Instructions to follow
Make an exact copy of the listing, without images.

Dataset excerpt
—————

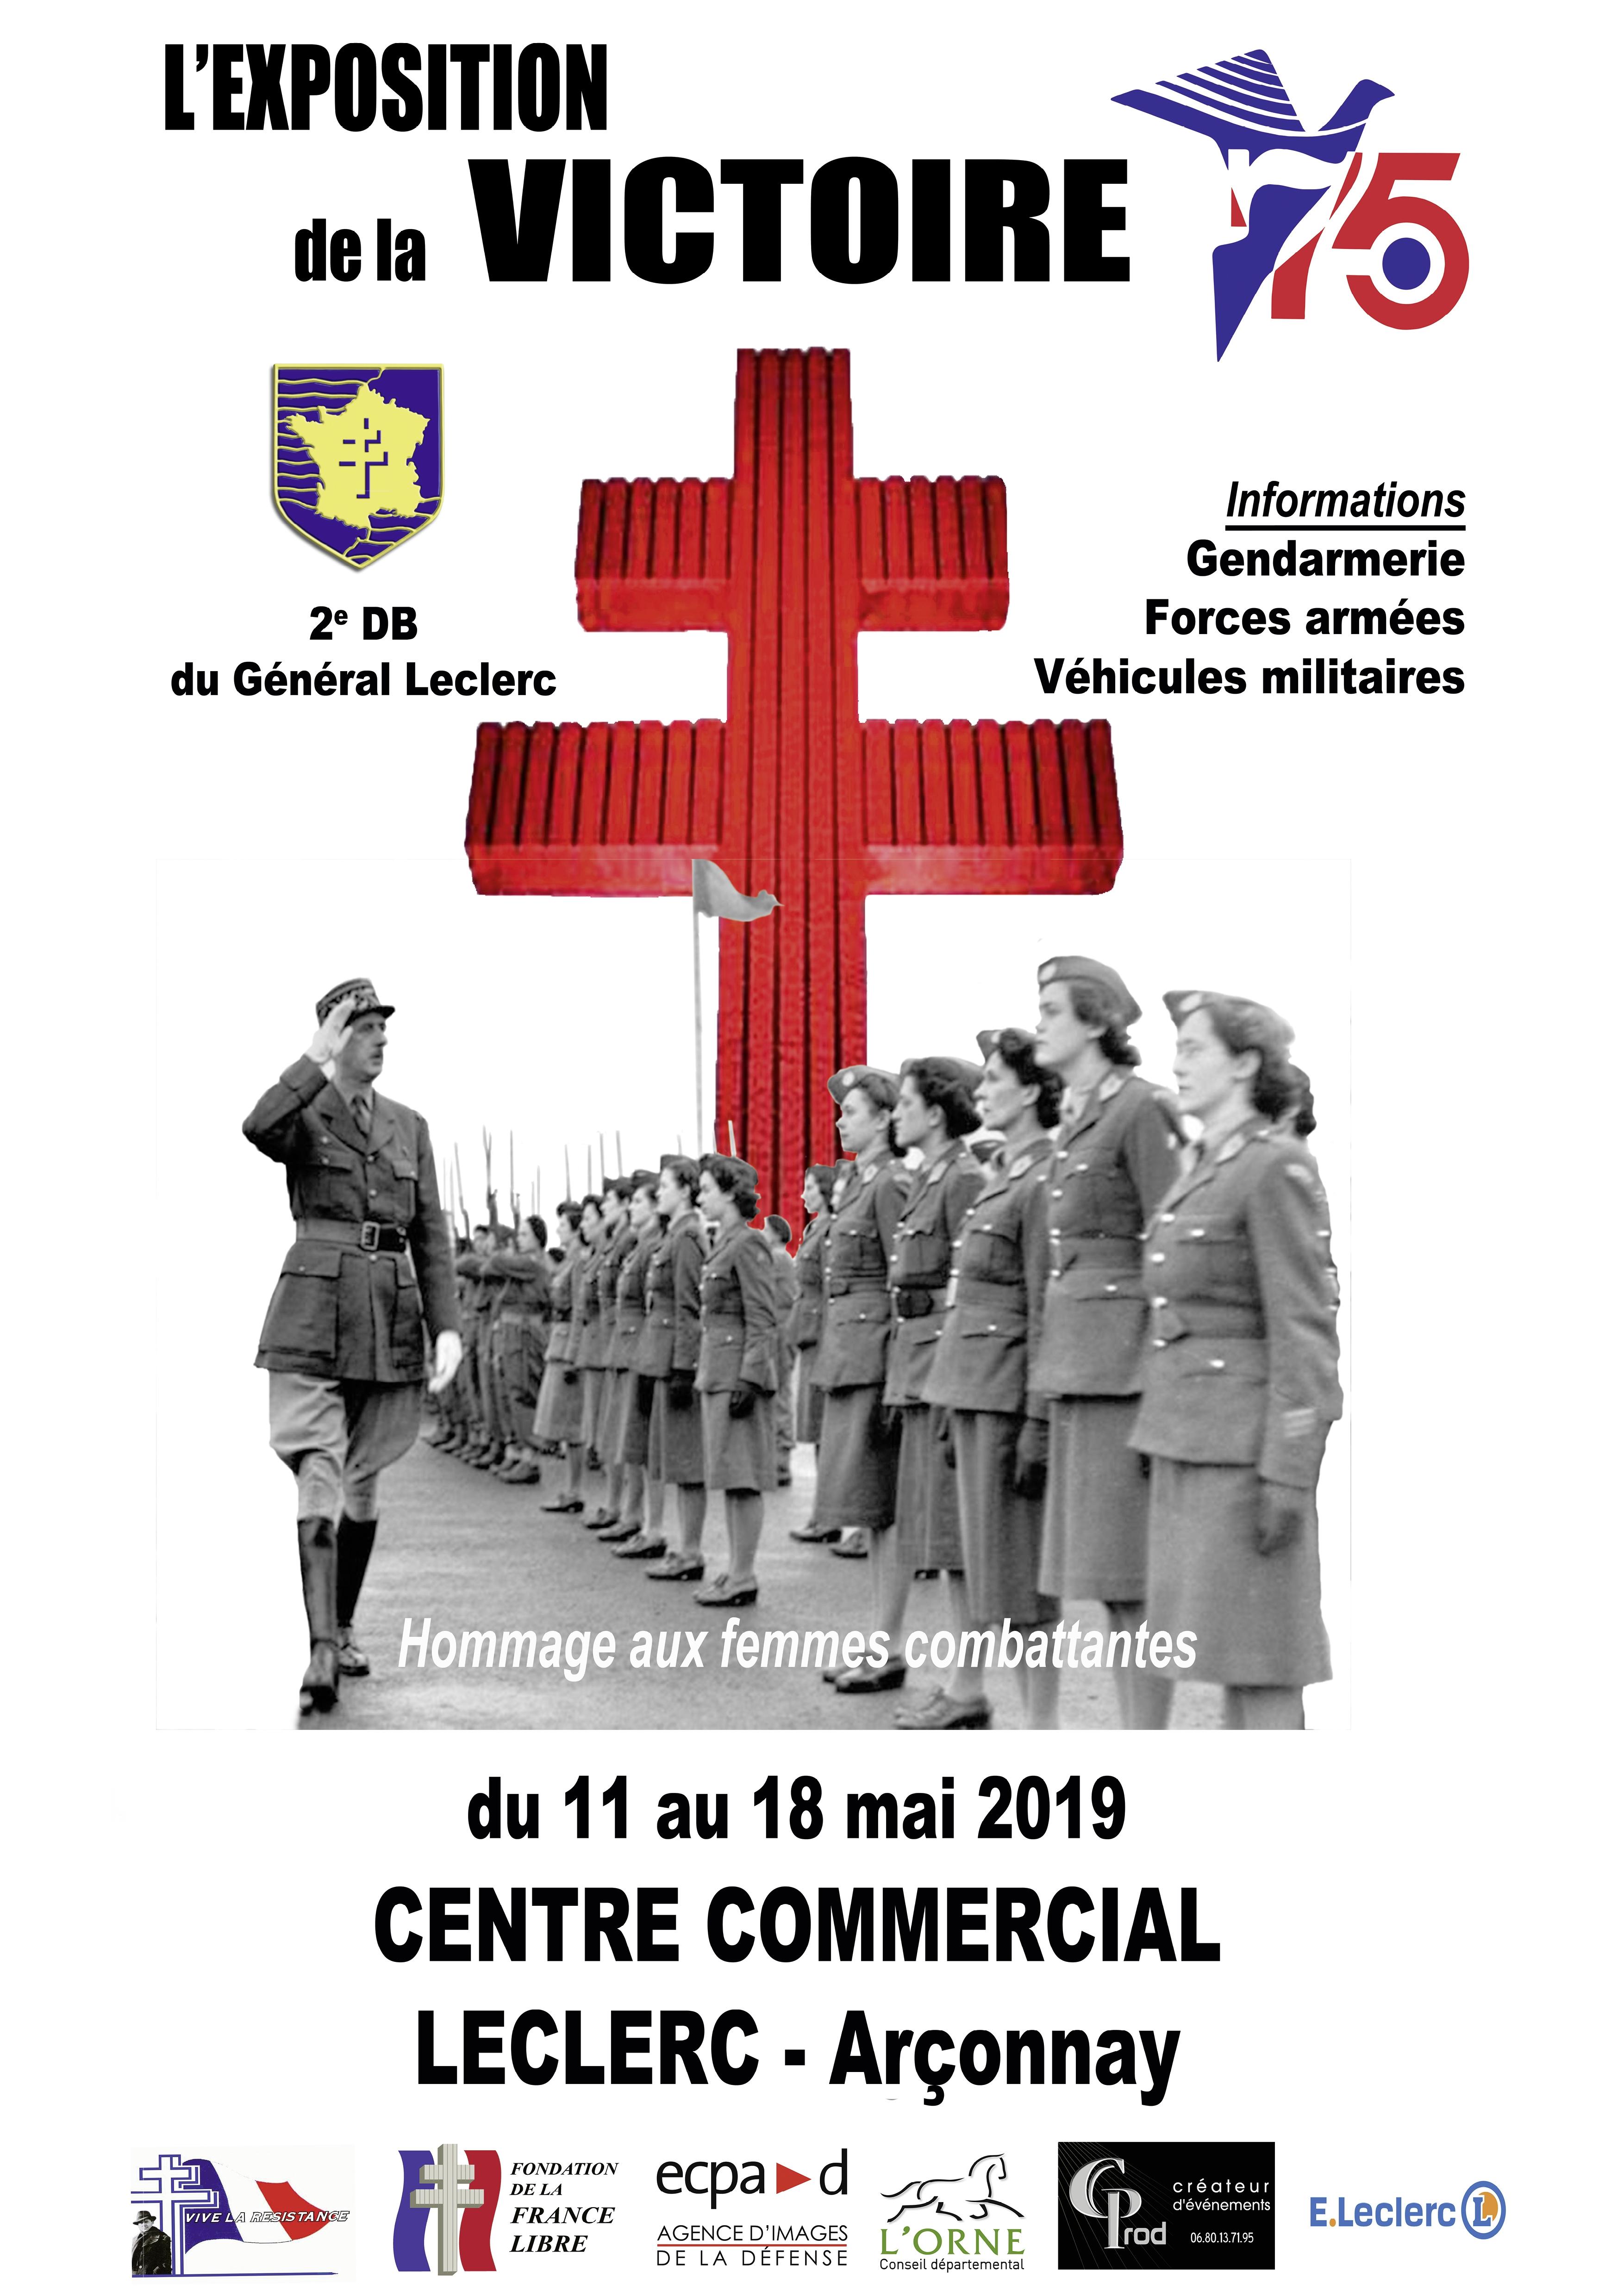 AFF-A3-Expo-Femme 2e guerre 2019
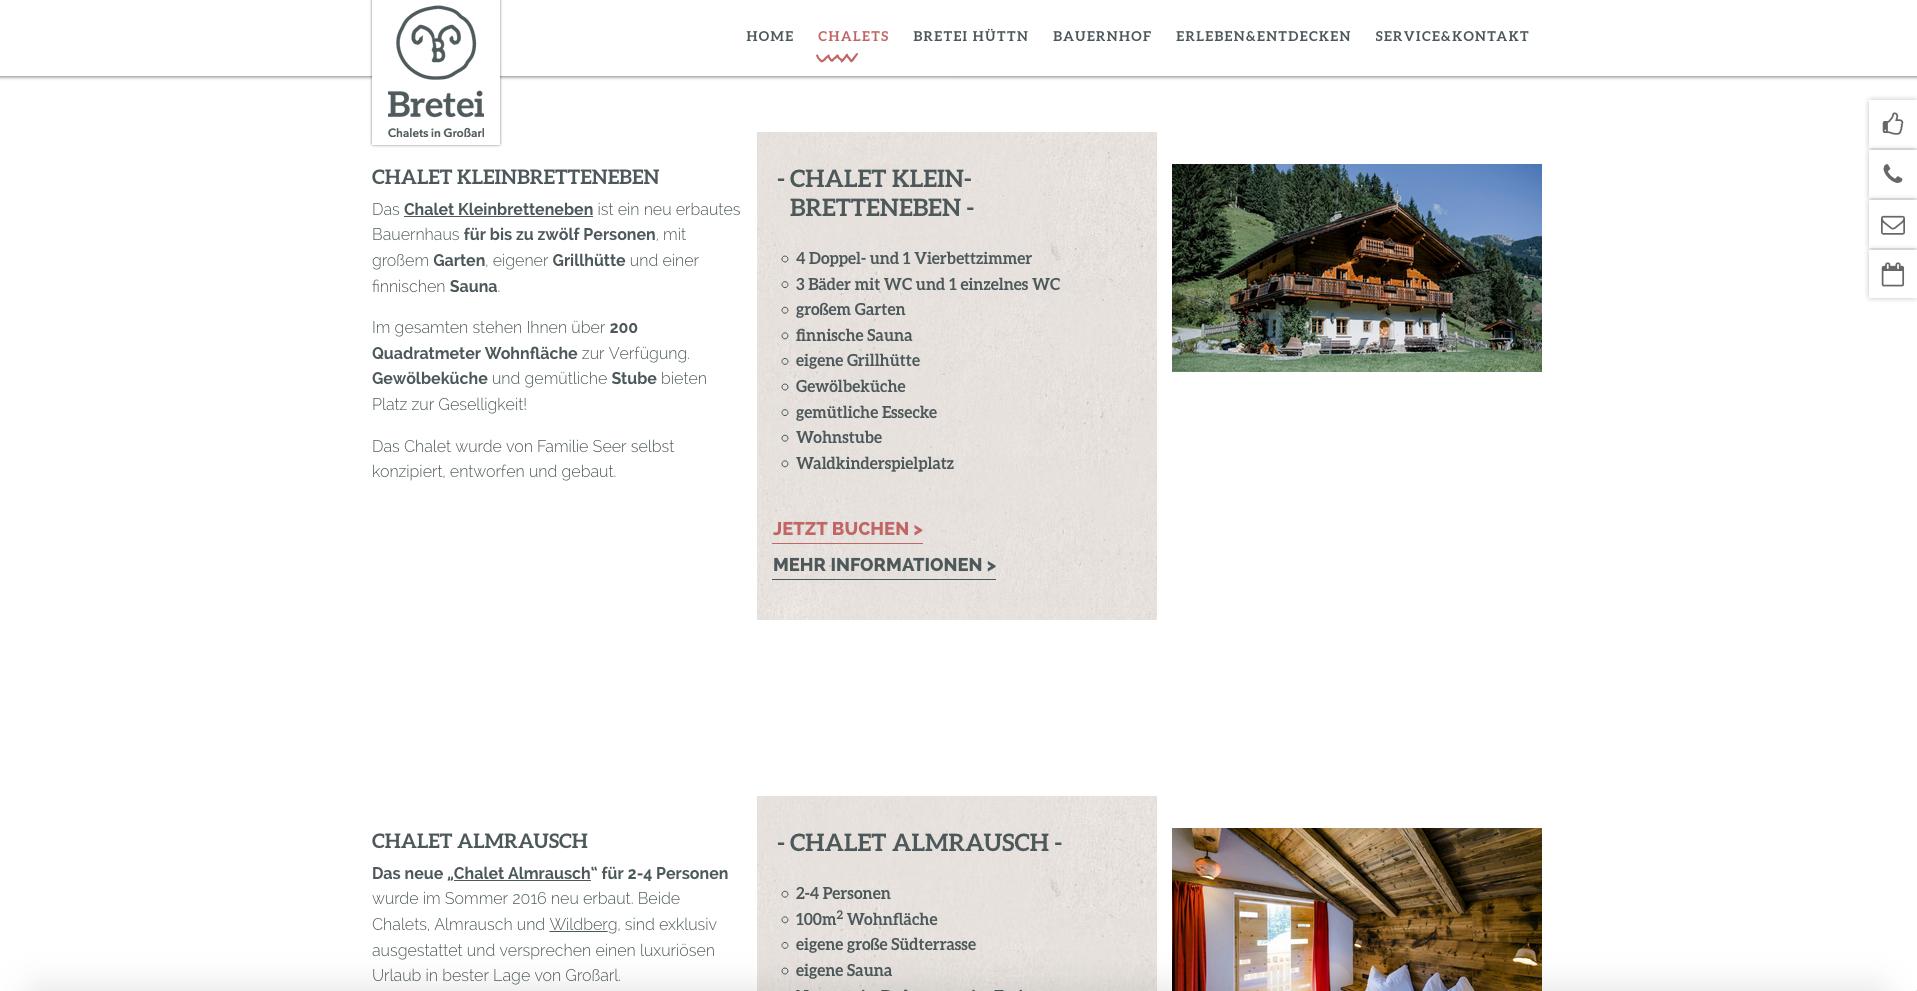 Fresh Herbs Communications Marketing Projektmanagement Website Salzburg_56_Bretei
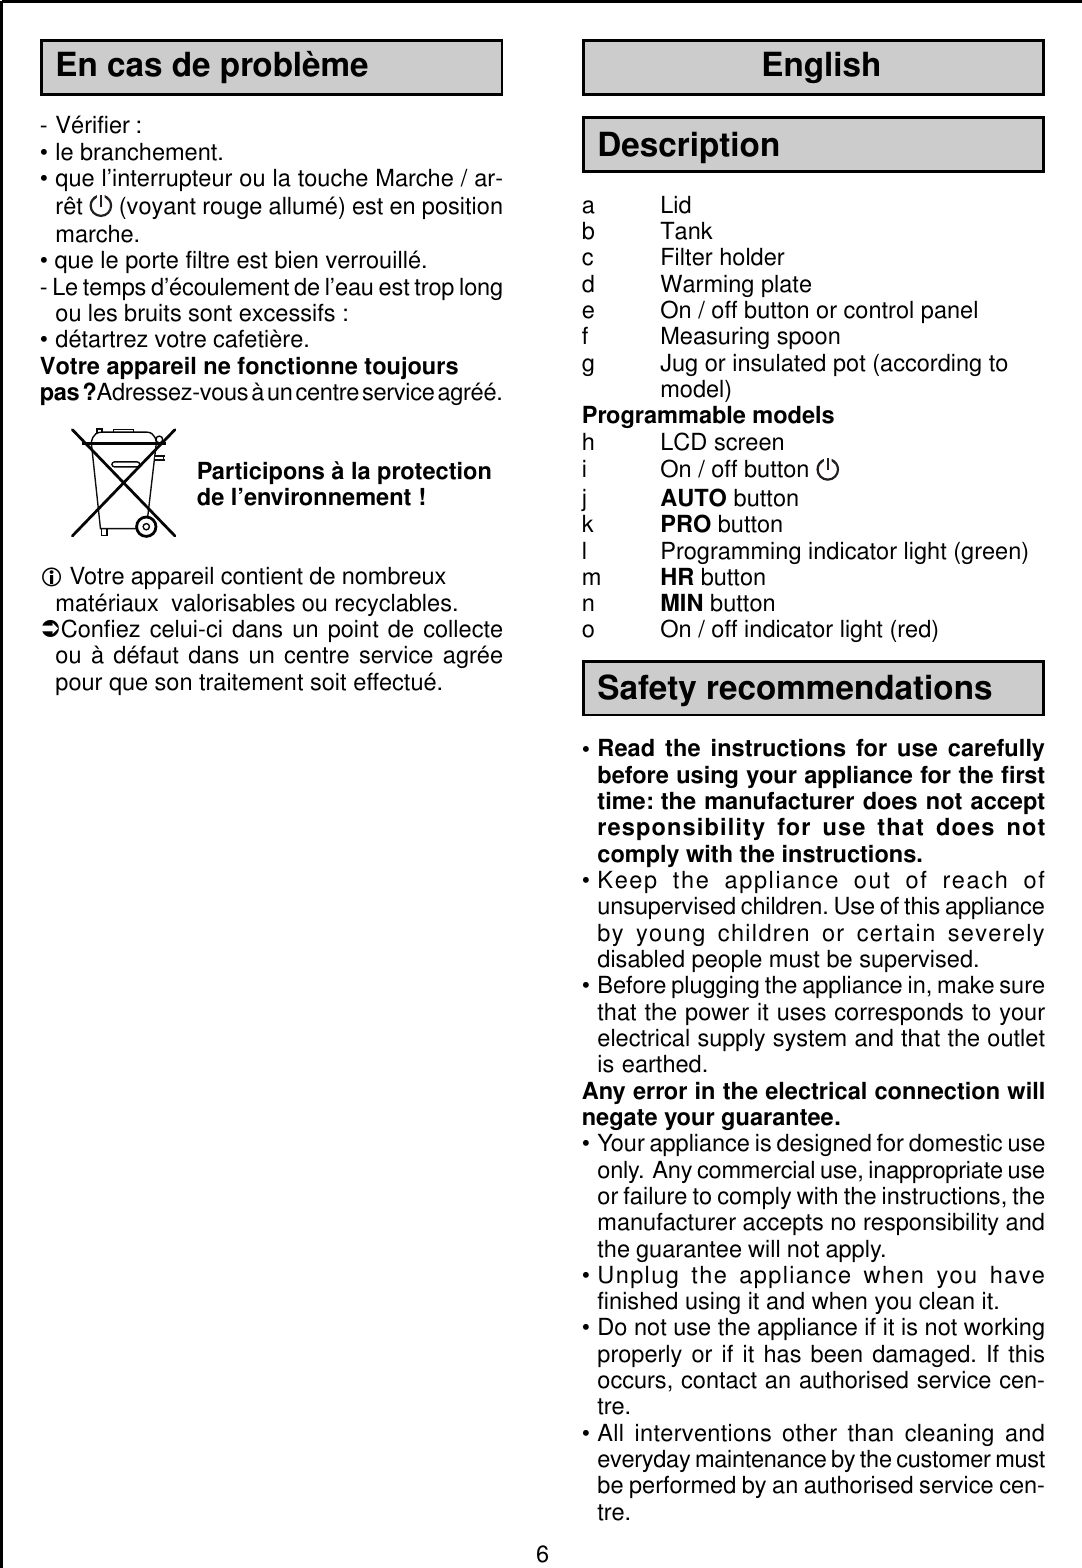 Moulinex Subito Instruction Manual Manualslib Makes It Easy

—————

Completed task
 AFF-A3-Expo-Femme 2e guerre 2019
 Fresh Herbs Communications Marketing Projektmanagement Website Salzburg_56_Bretei
 Moulinex Subito Instruction Manual Manualslib Makes It Easy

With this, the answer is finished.